After the set up, the distributed job will be launched and the following variables are exported: num_processes: int, num_machines: int, machine_rank: int, main_process_ip: str, main_process_port: int.
- class nntool.slurm.Task(argv, slurm_config, verbose=False)[source]¶
The base class for all tasks that will be run on Slurm. Especially useful for distributed tasks that need to set up the distributed environment variables.
- Parameters:
argv (list[str]) – the command line arguments to run the task. This will be passed to the command method to reconstruct the command line.
slurm_config (SlurmConfig) – the Slurm configuration to use for the task.

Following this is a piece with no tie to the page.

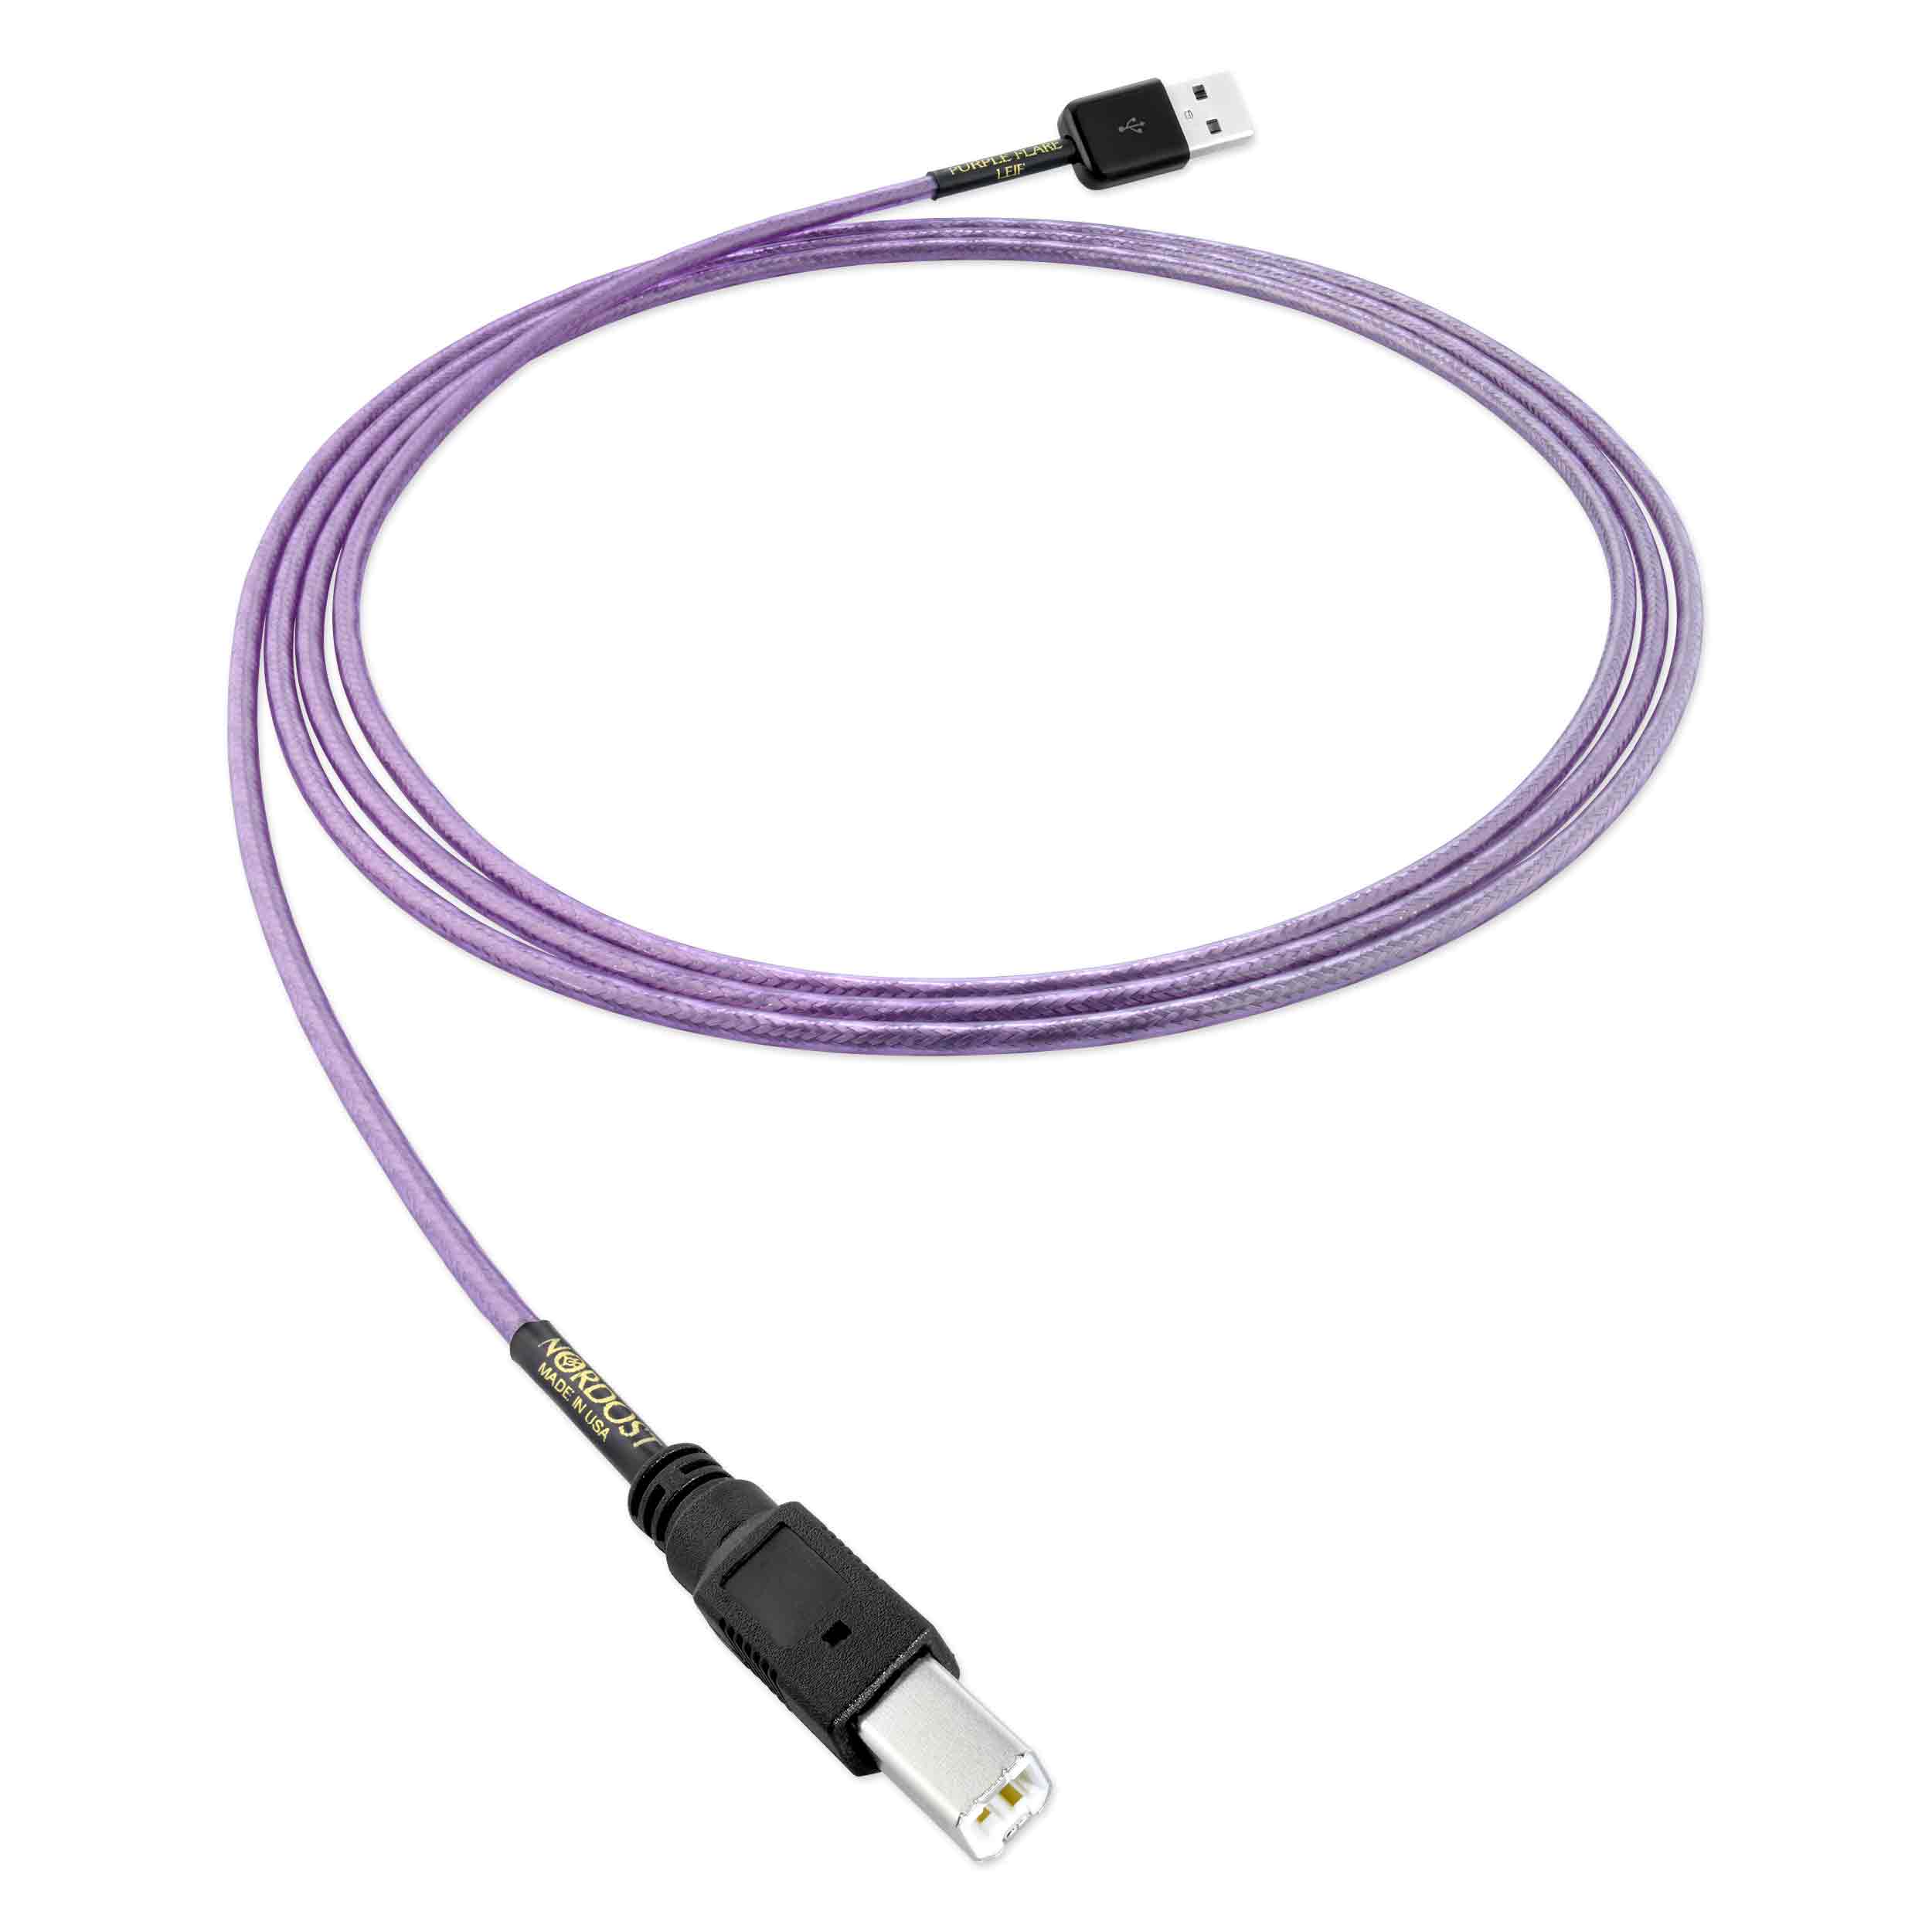 Dây USB 2.0 Nordost Leif Series Purple Flare

verbose (bool, optional) – whether to print verbose output. Defaults to False.
- class nntool.slurm.DistributedTaskConfig(num_processes='$nntool_num_processes', num_machines='$nntool_num_machines', machine_rank='$nntool_machine_rank', main_process_ip='$nntool_main_process_ip', main_process_port='$nntool_main_process_port')[source]¶
Configuration for distributed tasks. This is used to set up the distributed environment variables for PyTorch distributed training.
- Parameters:
num_processes (int) – The total number of processes to run across all machines.
num_machines (int) – The number of machines to run the task on.
machine_rank (int) – The rank of the current machine in the distributed setup.
main_process_ip (str) – The IP address of the main process (rank 0) in the distributed setup.
main_process_port (int) – The port of the main process (rank 0) in the distributed setup.
- class nntool.slurm.PyTorchDistributedTask(launch_cmd, argv, slurm_config, verbose=False, **env_setup_kwargs)[source]¶
A task that runs on Slurm and sets up the PyTorch distributed environment variables. It runs the command locally if in other modes.
- Parameters:
launch_cmd (str) – The command to launch the task.
argv (list[str]) – The command line arguments for the task.
slurm_config (SlurmConfig) – The Slurm configuration to use for the task.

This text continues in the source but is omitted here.